Huang Qianli, Sun Ming-An, Yan Ping
School of Biological and Medical Engineering, Hefei University of Technology, Hefei, China.
Epigenomics and Computational Biology Lab, Biocomplexity Institute of Virginia Tech, Blacksburg, VA, USA.
Methods Mol Biol. 2018;1751:35-55. doi: 10.1007/978-1-4939-7710-9_3.
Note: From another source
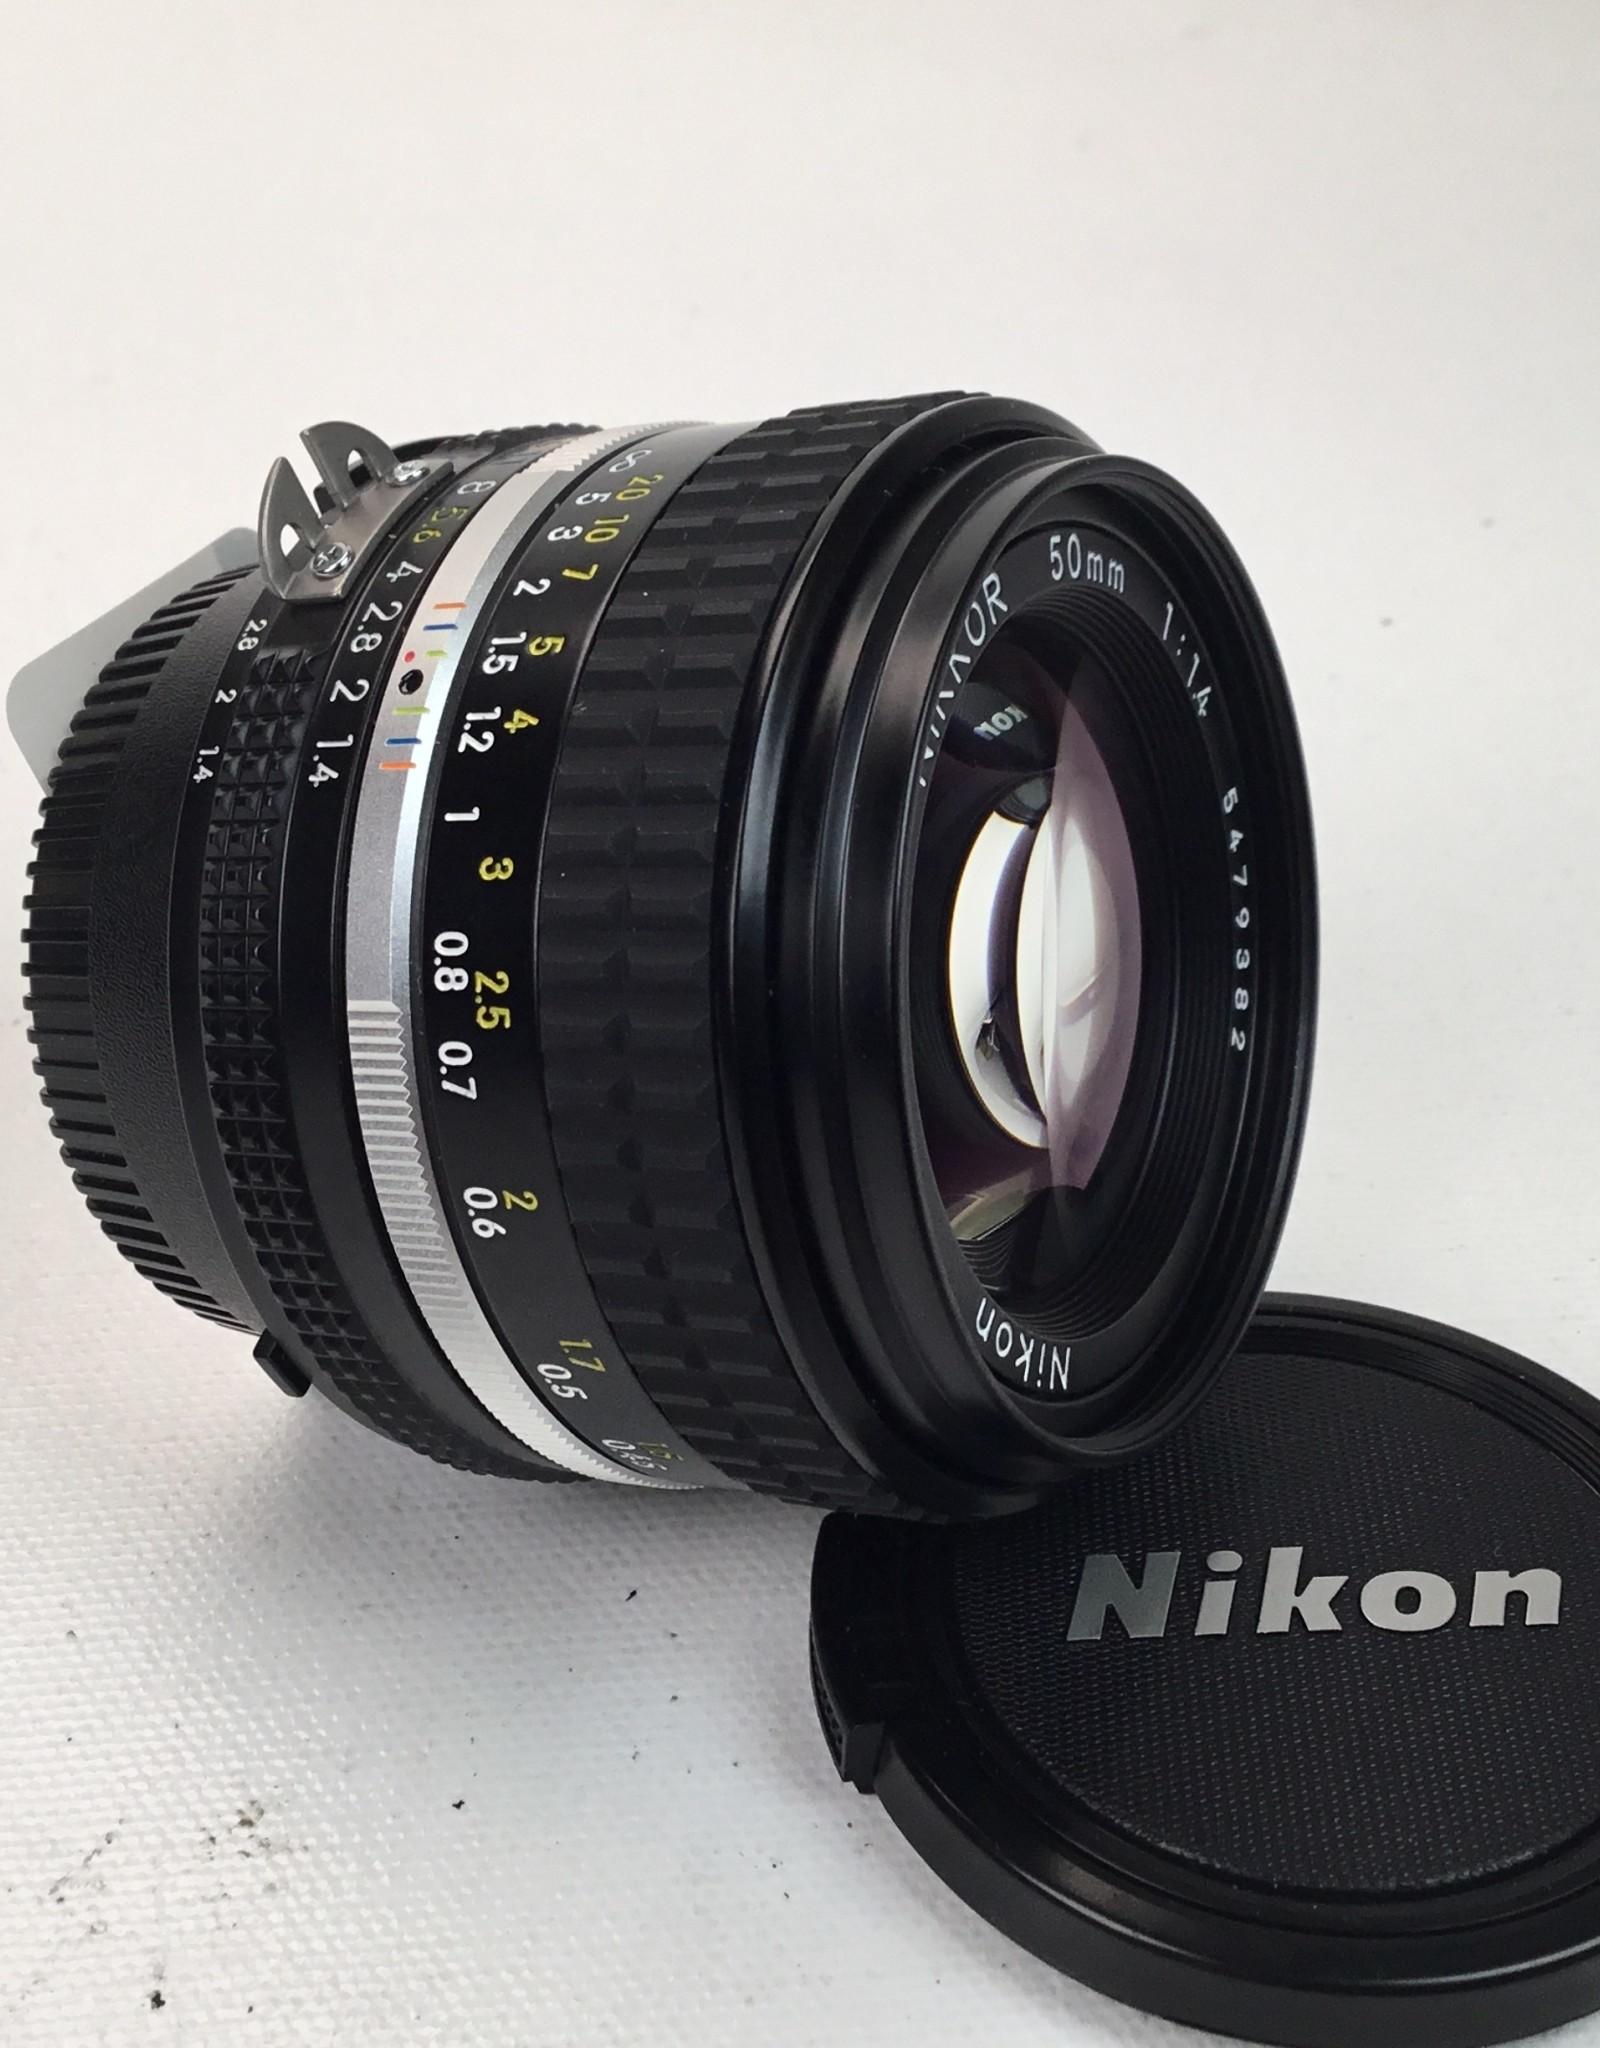 NIKON Nikon Nikkor 50mm 1.4 AIS Lens Used EX+

In recent years, transcriptome sequencing has become very popular, encompassing a wide variety of applications from simple mRNA profiling to discovery and analysis of the entire transcriptome. One of the most common aims of transcriptome sequencing is to identify genes that are differentially expressed (DE) between two or more biological conditions, and to infer associated pathways and gene networks from expression profiles. It can provide avenues for further systematic investigation into potential biologic mechanisms. Gene Set (GS) enrichment analysis is a popular approach to identify pathways or sets of genes that are significantly enriched in the context of differentially expressed genes. However, the approach considers a pathway as a simple gene collection disregarding knowledge of gene or protein interactions. In contrast, topology-based methods integrate the topological structure of a pathway and gene network into the analysis. To provide a panoramic view of such approaches, this chapter demonstrates several recent computational workflows, including gene set enrichment and topology-based methods, for analysis of the DE pathways and gene networks from transcriptome-wide sequencing data.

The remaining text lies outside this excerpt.